§ **Instructions for the task**:
Produce a faithful copy of the data, one that leaves out the pictures.

§ **Raw data**:
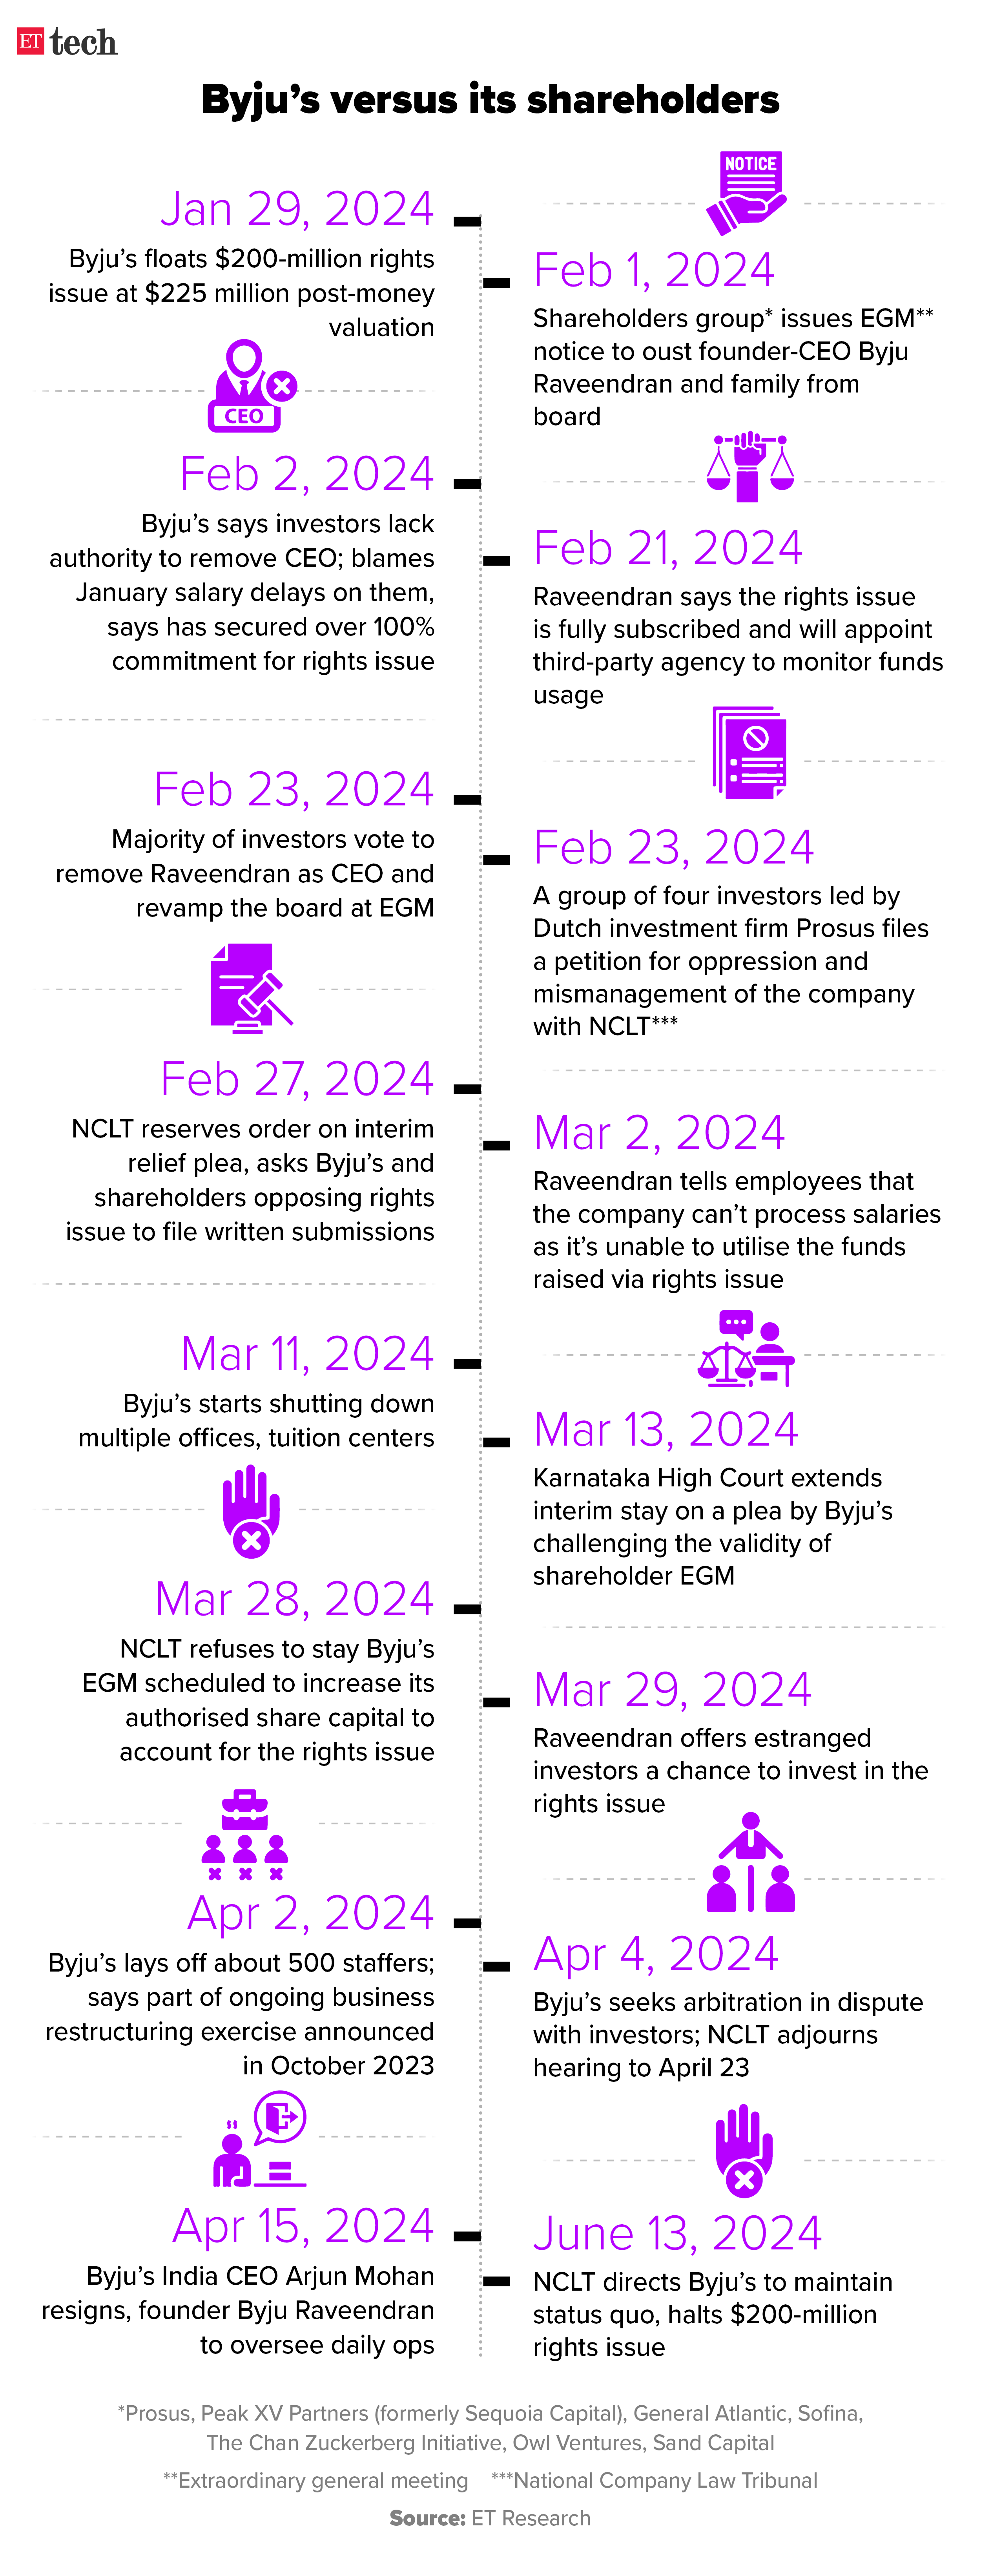 Byjus versus its shareholders_Timeline_13 June 2024_Graphic_ETTECH
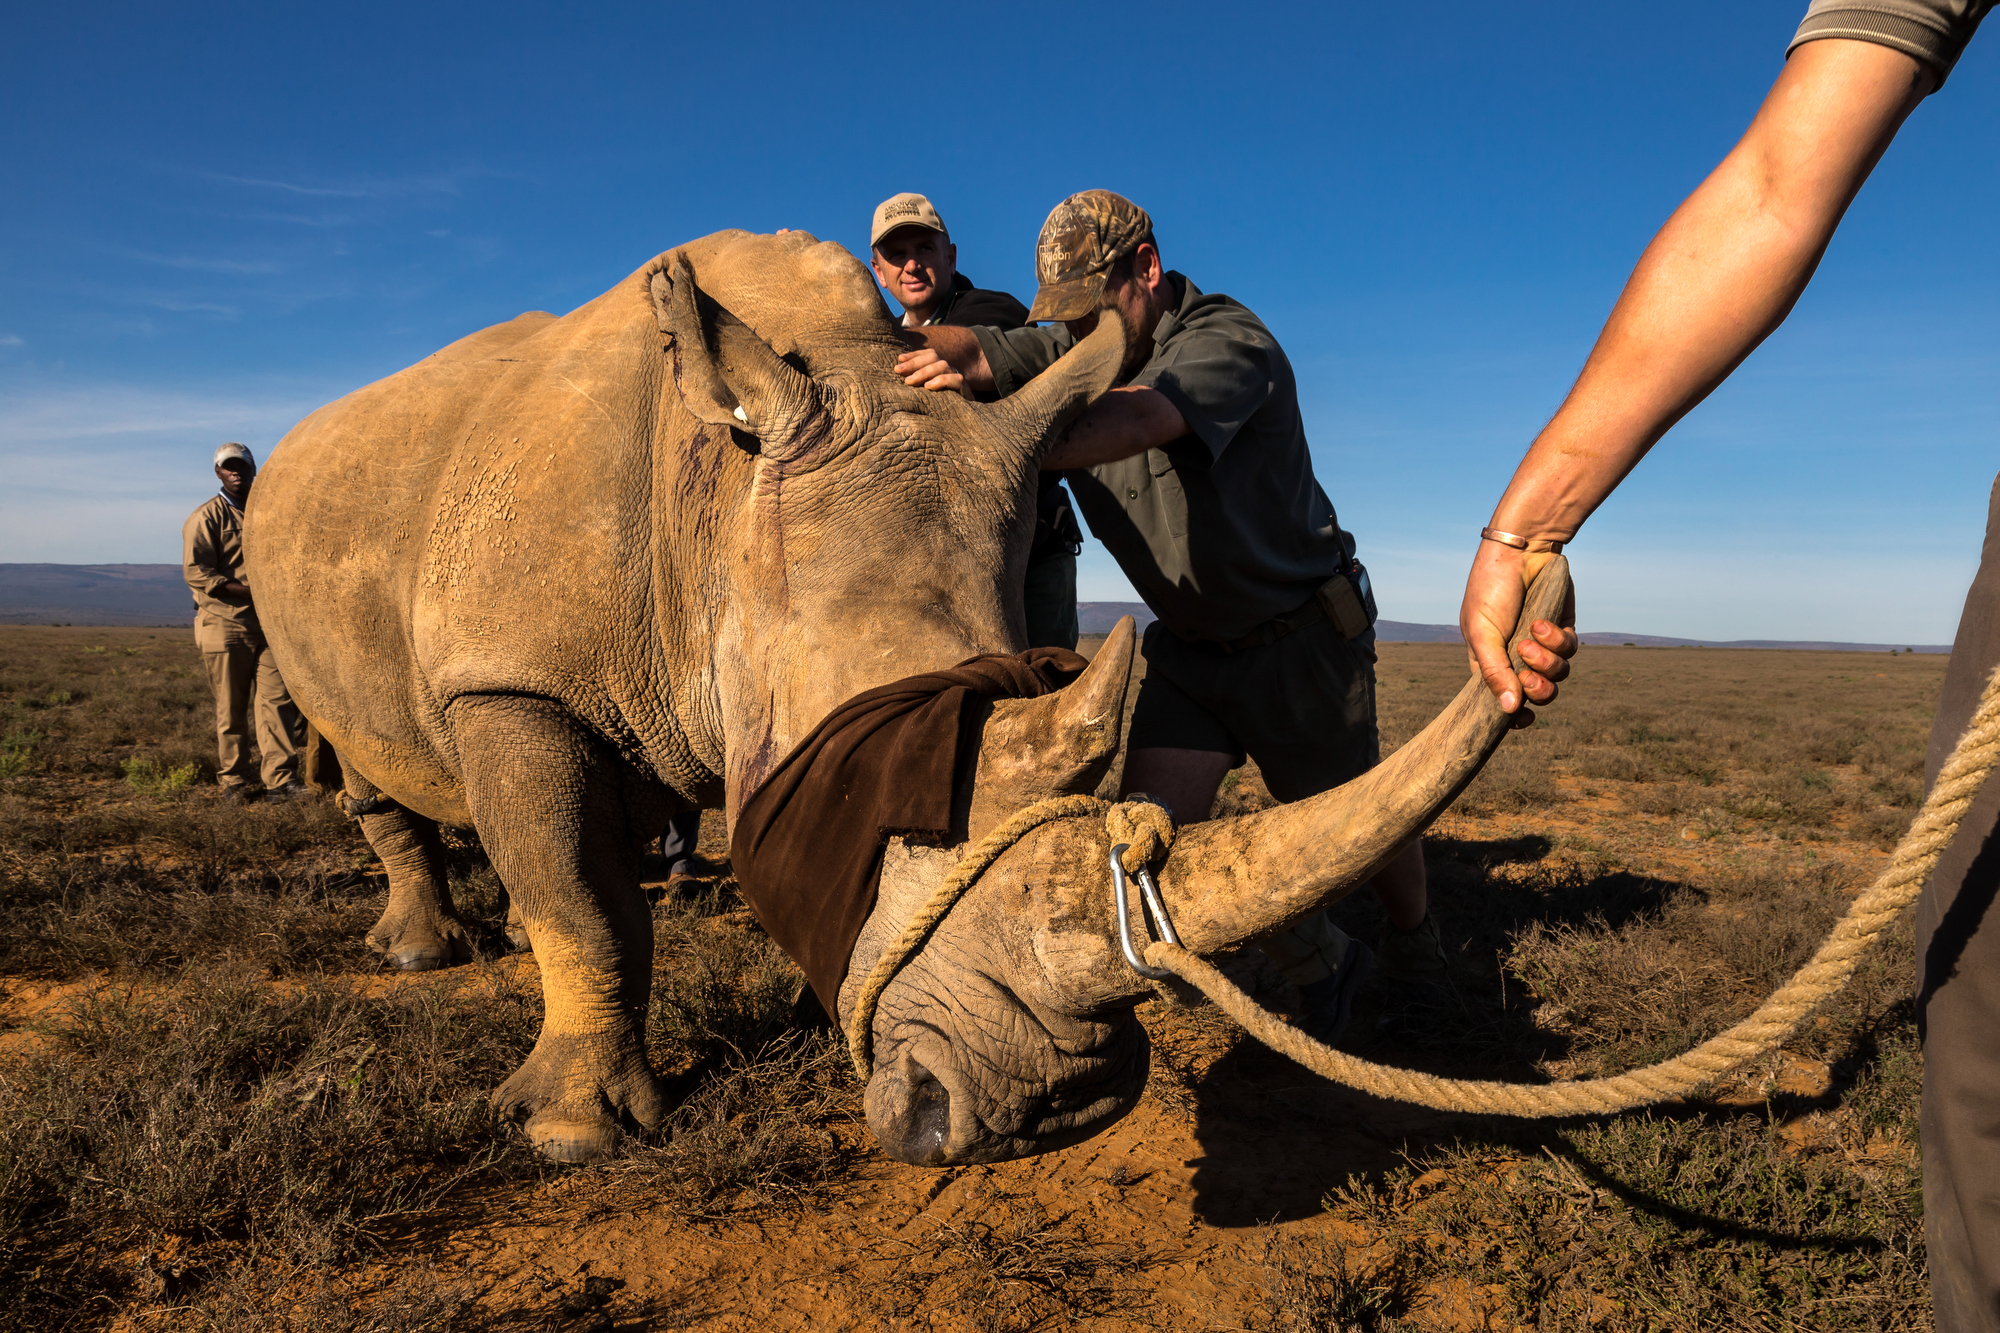 Brent Stirton, Getty Images photographer, Wildlife Photographer of the Year, Wildlife Photojournalist Award: Photo Story, First place, The Deadly Rhino Horn Trade, Memorial to a species: Ezulu Game Farm, Grahamstown, South Africa, May 15, 2016.our p…
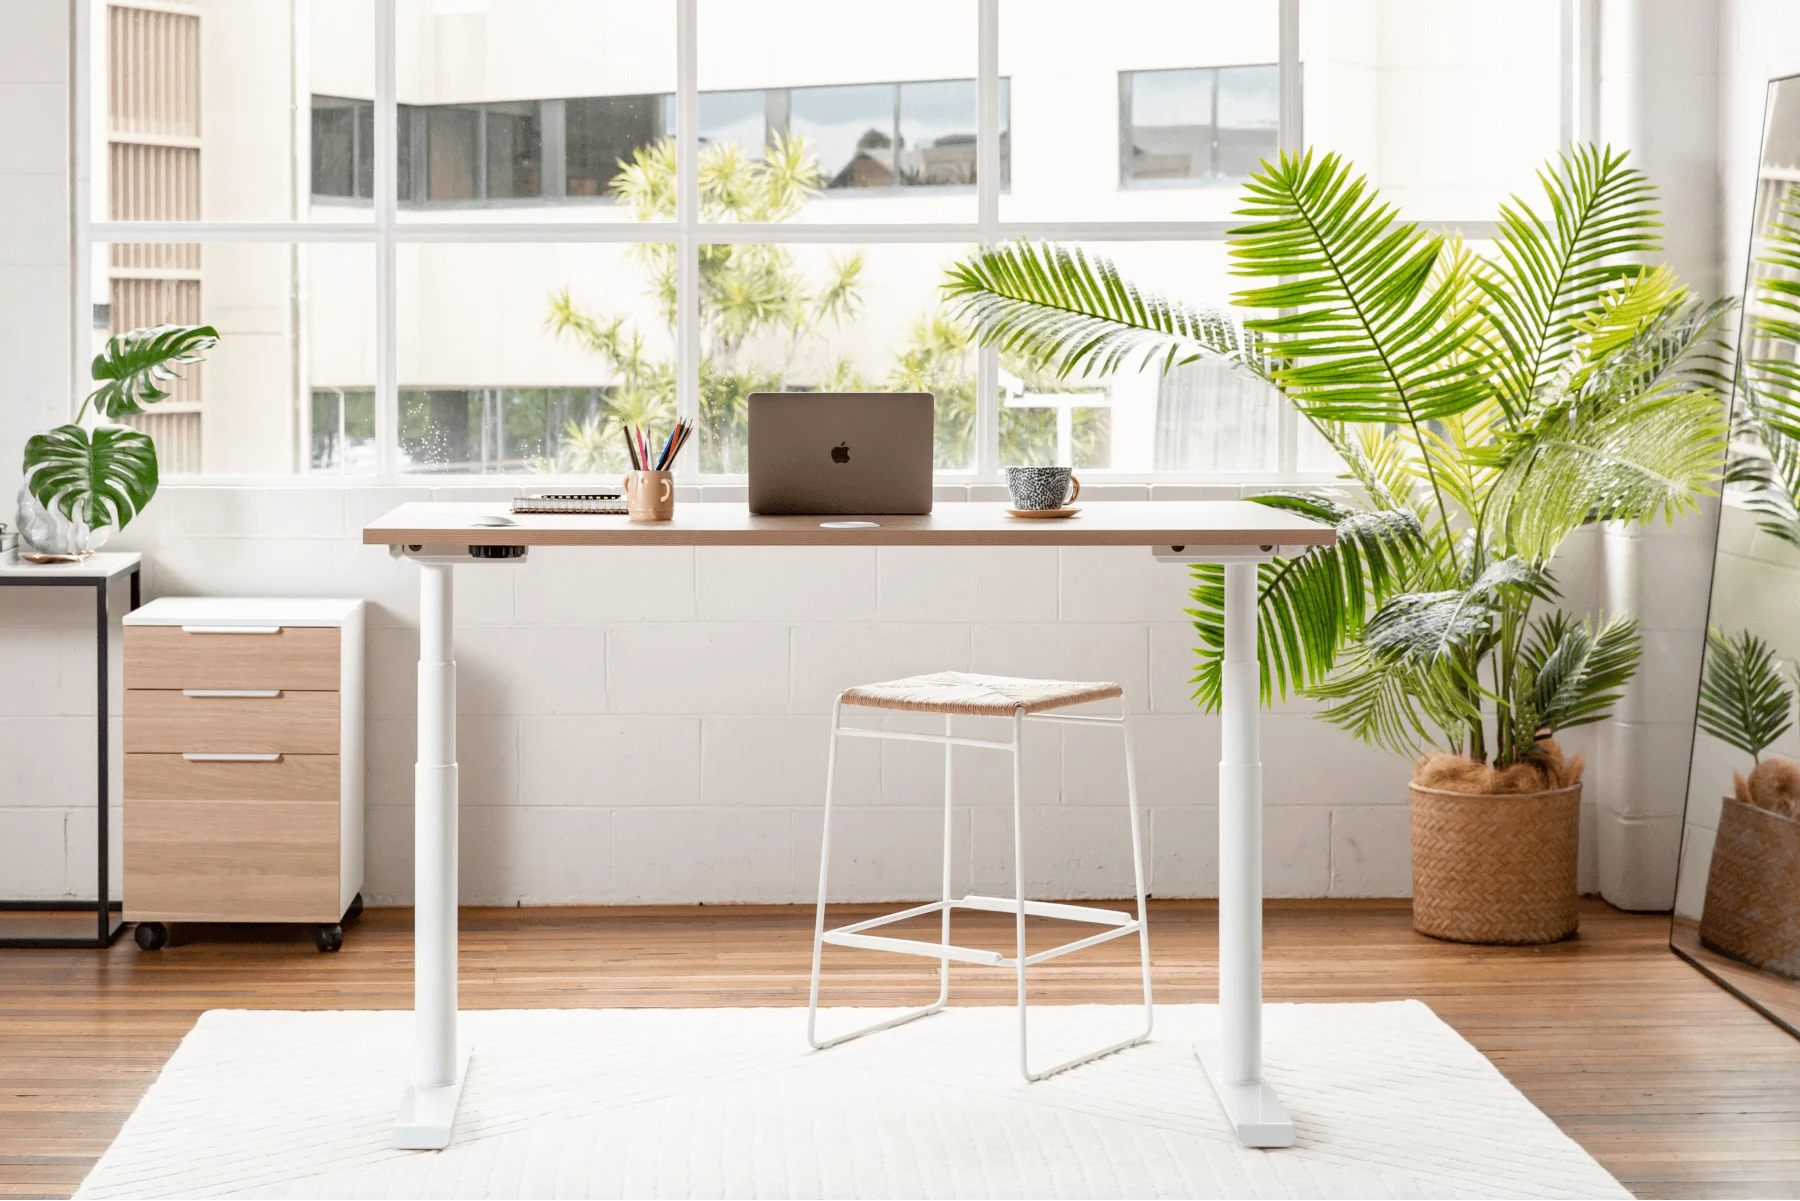 7 Tips to Creating a Holistic Workspace

§ **Written solution**:
 Byjus versus its shareholders_Timeline_13 June 2024_Graphic_ETTECH
 Brent Stirton, Getty Images photographer, Wildlife Photographer of the Year, Wildlife Photojournalist Award: Photo Story, First place, The Deadly Rhino Horn Trade, Memorial to a species: Ezulu Game Farm, Grahamstown, South Africa, May 15, 2016.our p…
 7 Tips to Creating a Holistic Workspace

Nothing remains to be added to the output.